I noticed that looping on a BitSet resulted in a significant slowdown (~10X) compared to the equivalent loop on Int64. This is resulting in undesirable performance tradeoff as intersect on the BitSets is significantly faster than on Int. I’m wondering if there wouldn’t be a strategy to get best of both world.

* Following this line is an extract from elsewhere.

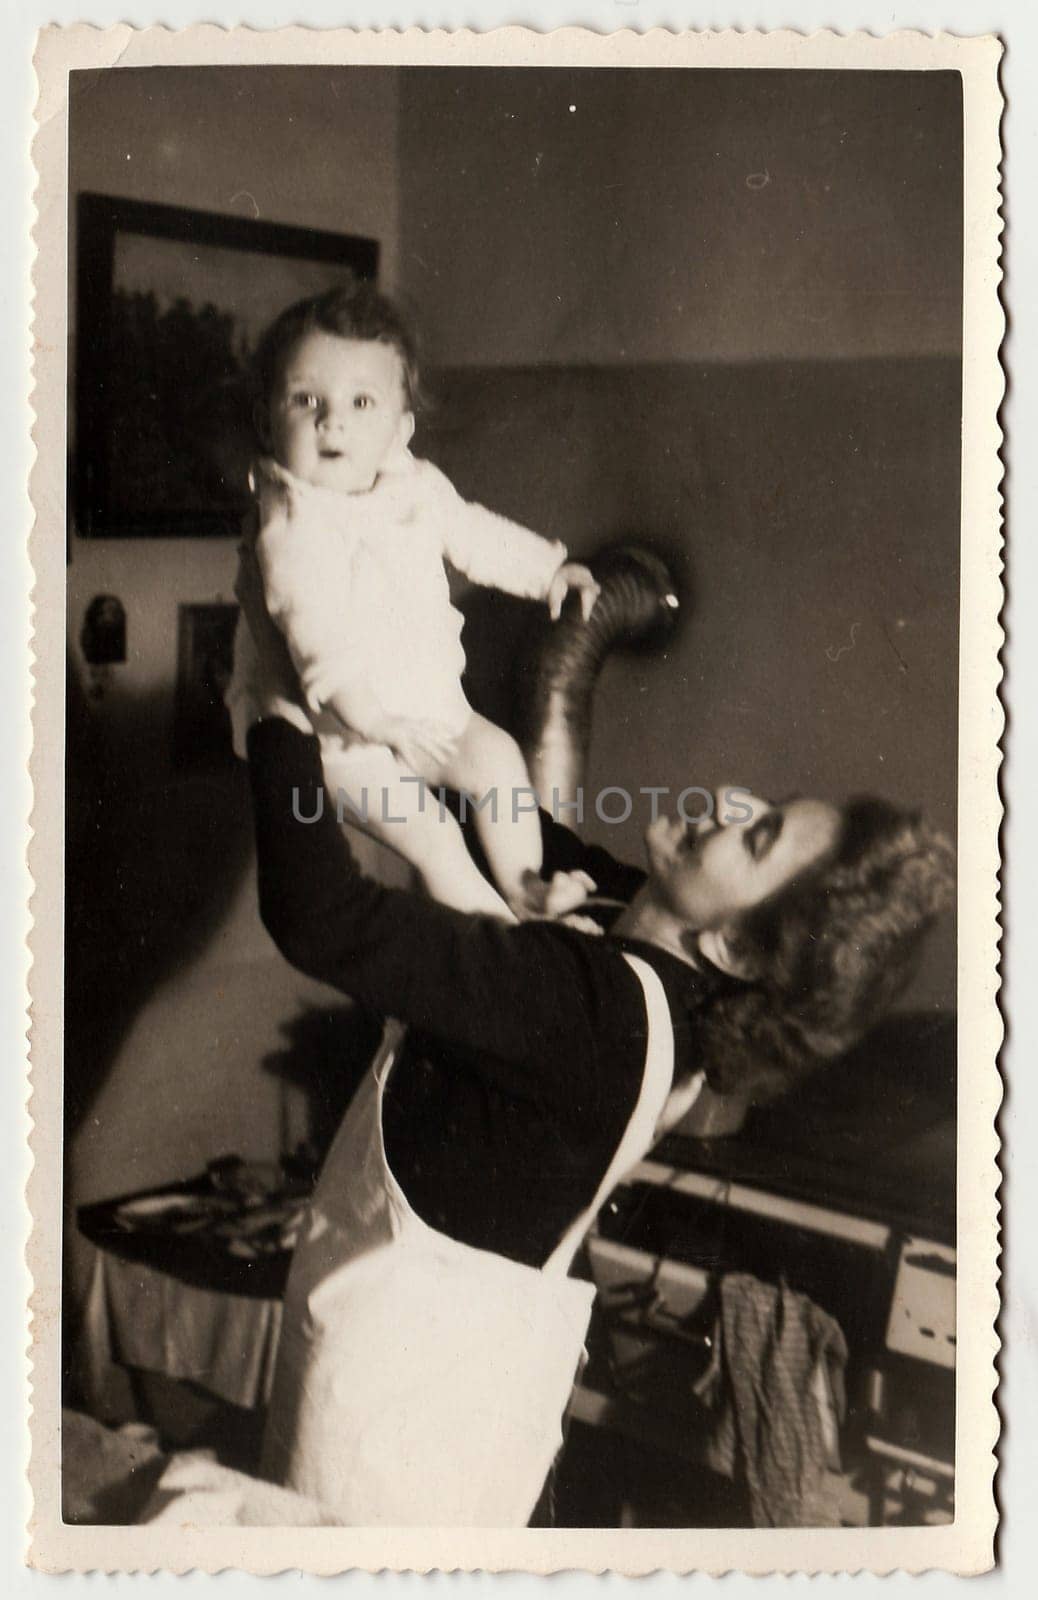 Vintage photo shows a small girl with her mother, circa 1941. by roman_nerud
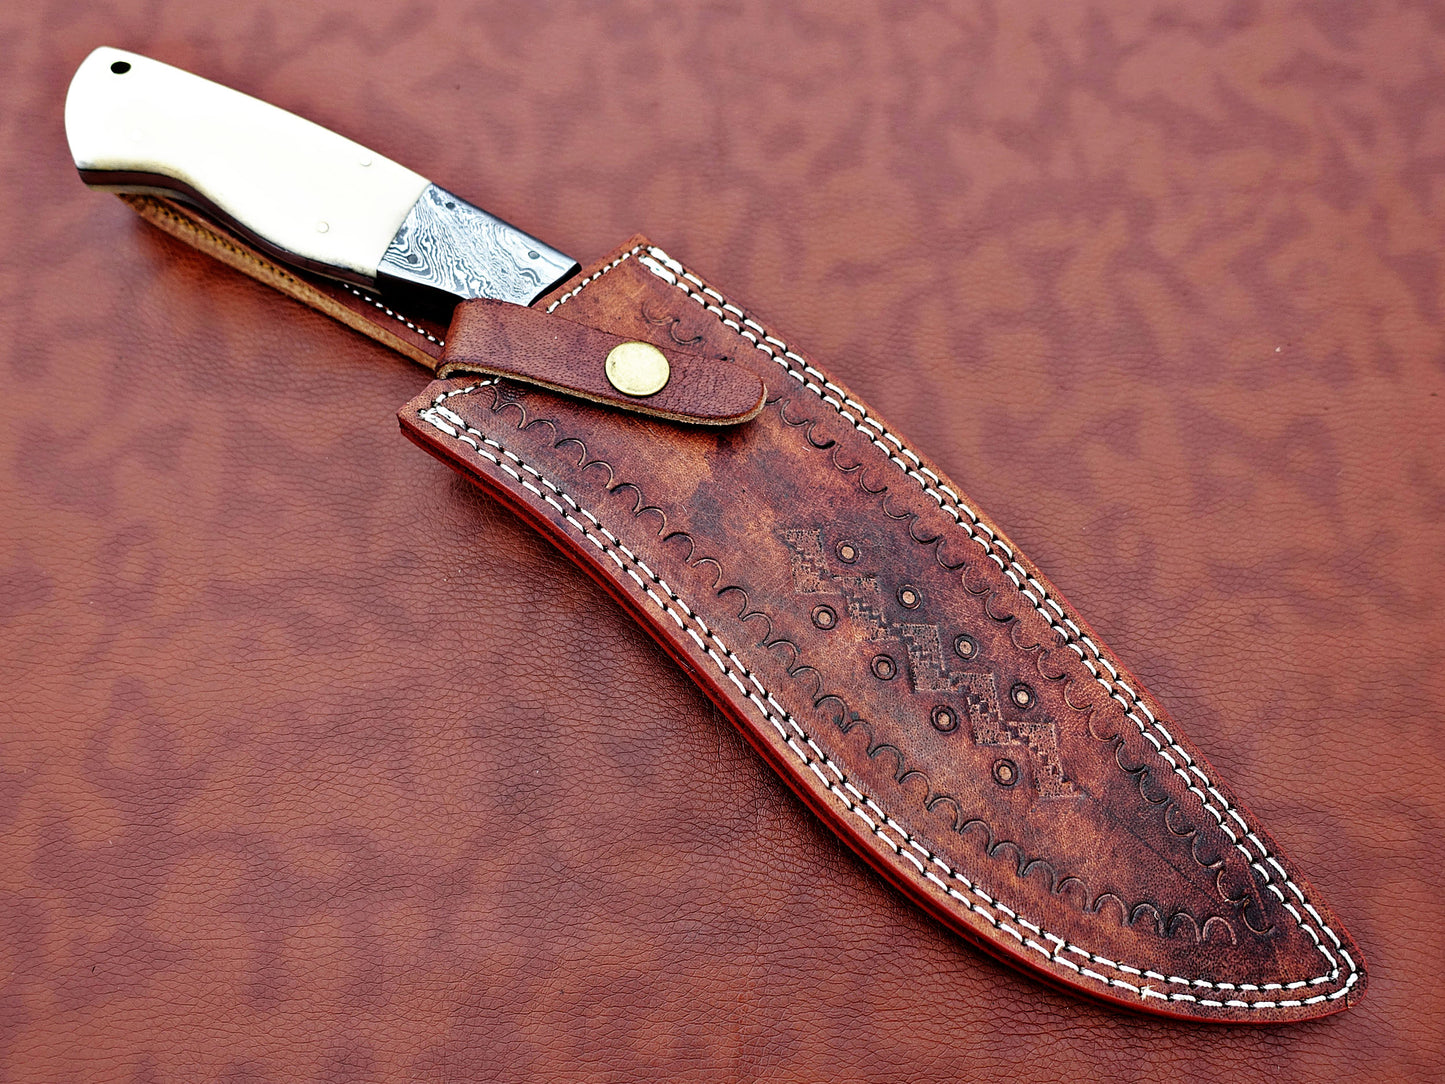 Damascus Steel Kukri Knife 14 Inches custom made Hand Forged With 9" long blade, Stag Antler scale, Cow Leather Sheath

To put in context, the usage is for building histograms for usage in a tree algorithm. The loop goes over row indices and a value is stored in a corresponding bin in the histogram. This is where row indices as BitSet performs not good:

Data setup:

```
using BenchmarkTools
using StatsBase: sample
nrows = 80_000
ncols = 100
nbins = 32
id1_int = sample(1:nrows, nrows, replace=false, ordered=true)
id2_int = sample(1:nrows, Int(nrows/2), replace=false, ordered=false)
id1_bit = BitSet(sample(1:nrows, nrows, replace=false, ordered=true));
id2_bit = BitSet(sample(1:nrows, Int(nrows/2), replace=false, ordered=false));
hist = zeros(32)
x_bin = sample(UInt8.(1:nbins), nrows, replace=true, ordered=false)
value = rand(nrows)
```

The histogram loop:

```
function hist_sum(x::Vector{S}, hist::Vector{T}, set::I, value::Vector{T}) where {S,T,I}
hist .*= 0
for i in set
hist[x[i]] += value[i]
end
return
end
@btime hist_sum($x_bin, $hist, $id1_int, $value)
@btime hist_sum($x_bin, $hist, $id1_bit, $value)
76.900 μs (0 allocations: 0 bytes)
445.399 μs (0 allocations: 0 bytes)
```

But issue is that the intersect of two ensembles (used to split the indices into the two child nodes) resulted in opposite performance:

```
function inter(x1, x2)
res = intersect(x1, x2)
return res
end
@btime inter($id1_int, $id2_int)
@btime inter($id1_bit, $id2_bit)
8.987 ms (36 allocations: 2.69 MiB)
910.000 ns (4 allocations: 10.03 KiB)
```

Any hint as to how to get performance on both the iteration and the intersect? Converting the BitSet to Int for the loop does improve performance, but also results in allocations that impairs the perormance.